Sometimes we fault ourselves for more than just those times we fall short, but for the parts of our personality we just don’t love. To learn to love ourselves we have to accept that we all have flaws.

The following exercise is a quick way to bolster your self-acceptance:

1. Write down all of your strengths. This can include the qualities you love about yourself as well as the ones your friends and family admire about you.

2. When you’re going through a hard time or feeling particularly down on yourself, refer back to this list. Remind yourself that even through your flaws there is so much to love about yourself and be proud of.

2. Stop the negative self-talk

Negative self-talk is destructive to our confidence, judgement, and outlook on life and can leave us feeling overwhelmed. It makes us pessimistic, can leave us feeling like we’re not worthy, and ultimately becomes self-defeating. Positive self-talk, on the other hand, can not make us more optimistic but can help decrease stress and improve physical well-being, among other benefits.

It’s unrealistic to assume you’re just going to be able to stop the negative self-talk cold turkey, but there are two great tips to get you started. First, is detach yourself from your negative thoughts. For example, motivational speaker Brené Brown refers to the negative voices in her head as “gremlins”.

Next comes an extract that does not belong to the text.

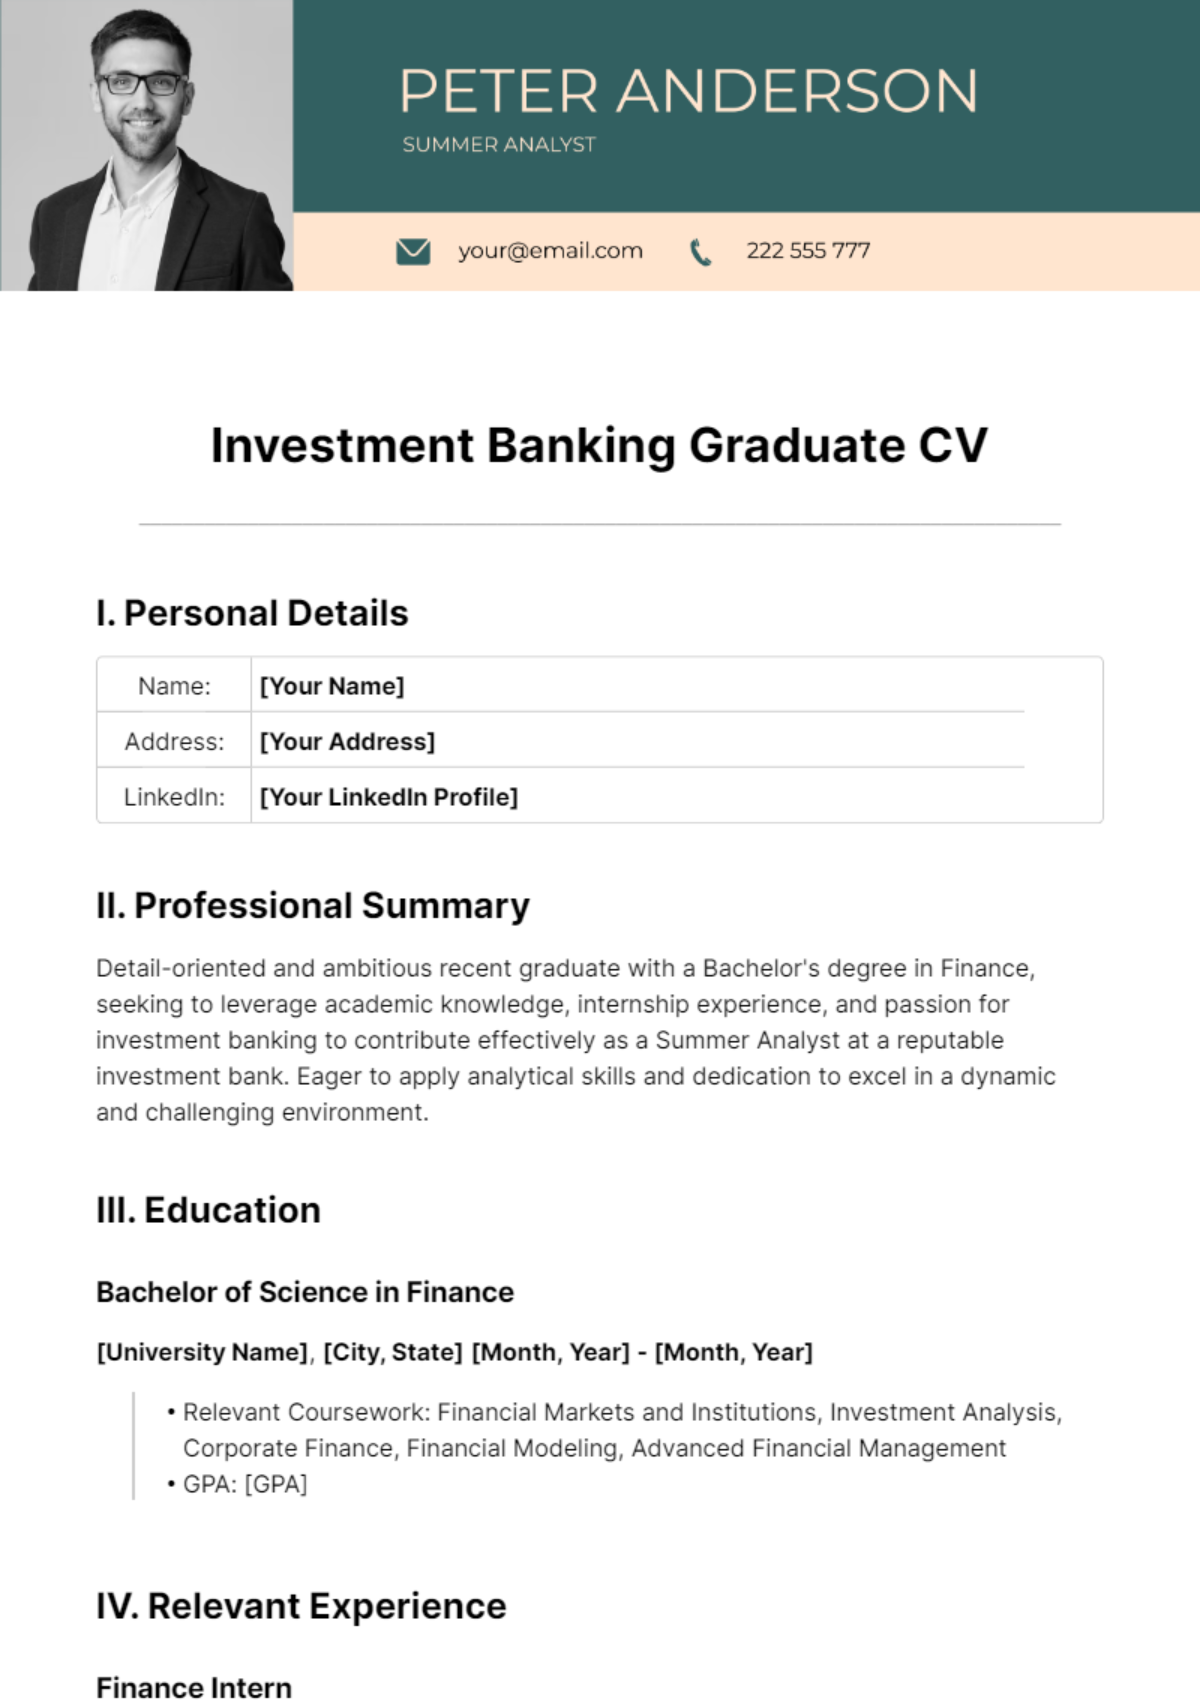 Investment Banking Graduate CV Template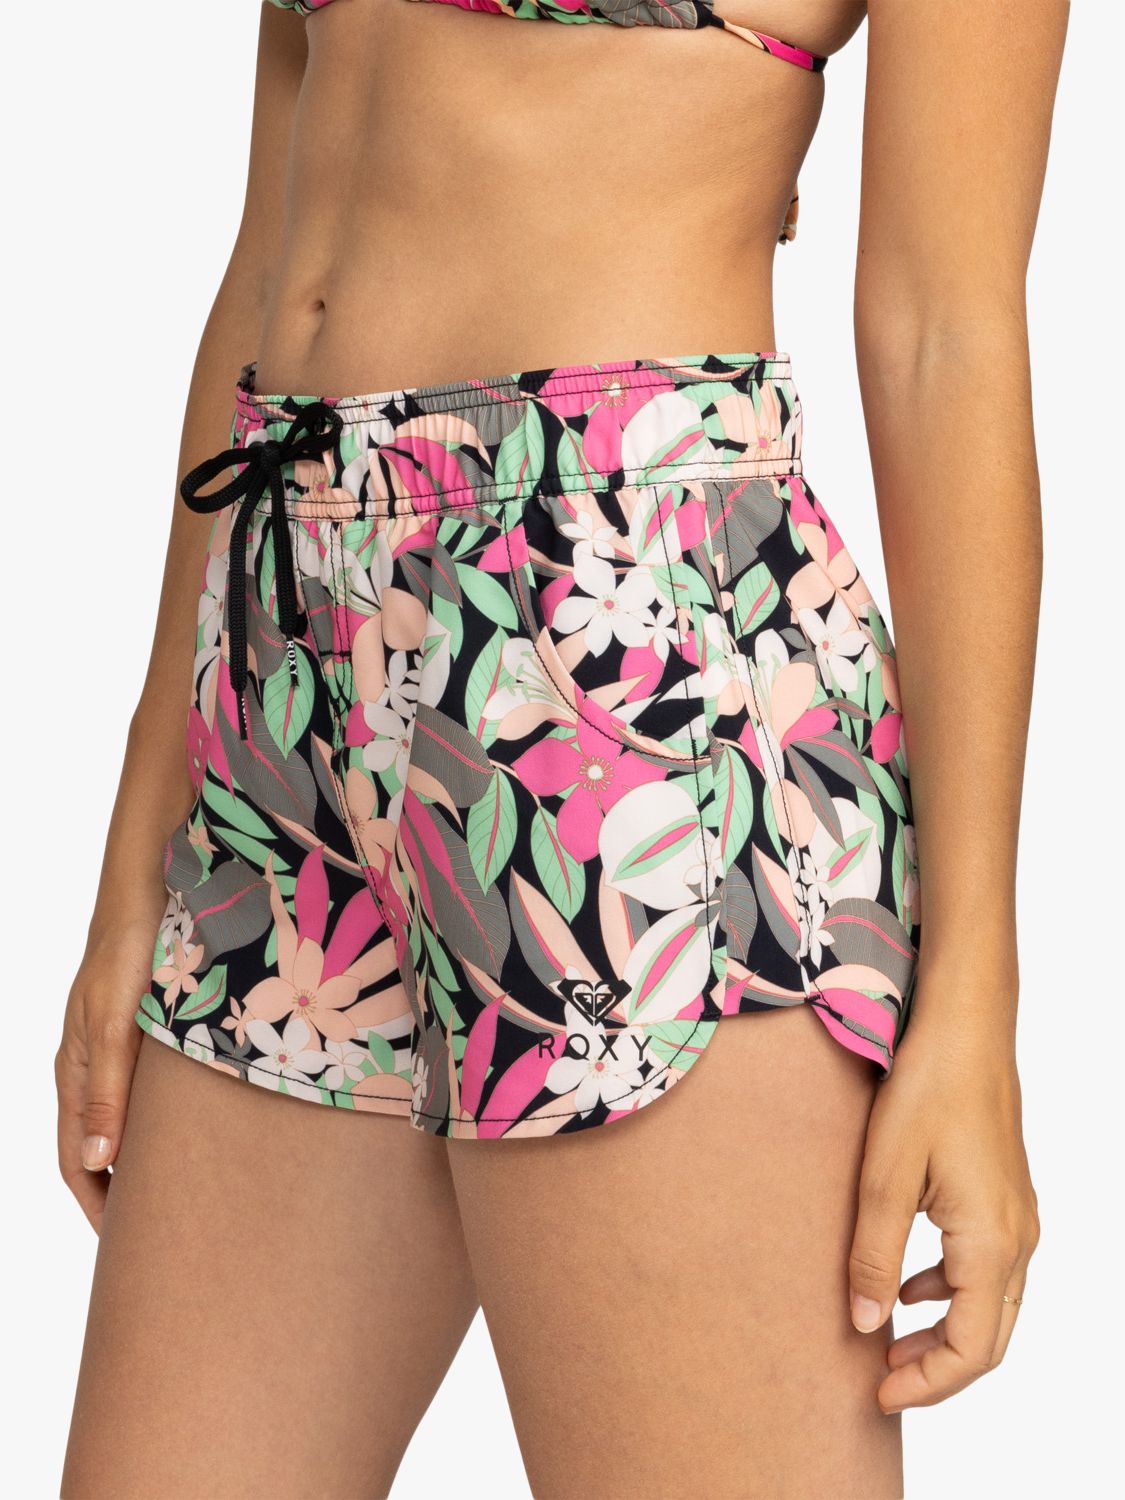 Buy Roxy Palm Print Wave Board Shorts, Anthracite/Multi Online at johnlewis.com

Second, it’s time to change the narrative. When the negative self-talk comes out, flip the script and turn those thoughts into positive ones. Instead of saying “I bombed that presentation. I’m so stupid!” say “I tried my best, but I know I can do do better next time. You’ll be surprised at how much your confidence can grow when you give yourself a little more compassion.

3. Practice self-care

Yep, as we already know they’re different, but caring for yourself is a big part of loving yourself. After all, would you want someone you love feeling stressed, depleted, or like they don’t have any time for themselves to do those little things they love? So, why would you want that for yourself?

Stress affects our mental health and can lead to negative emotions. Lessen the effects of stress by putting yourself first and utilizing self-care to increase positive types of emotion.

We all should find time to do things that make us feel our best. Maybe it’s developing a healthy eating routine or setting aside time to go on a walk every day. Maybe it’s just taking care of your basic needs and making sure you’re well-fed, well-rested, and healthy each and every day. Whatever it means for you, when you truly care for yourself, you’re in the best state to love yourself.

Self-love looks different for everyone. What helps me build confidence and trust in myself may not work for someone else and vice-versa. But, regardless of what works for you, we could all take a little more time to show ourselves some gratitude. How will you show yourself self-love this V-day?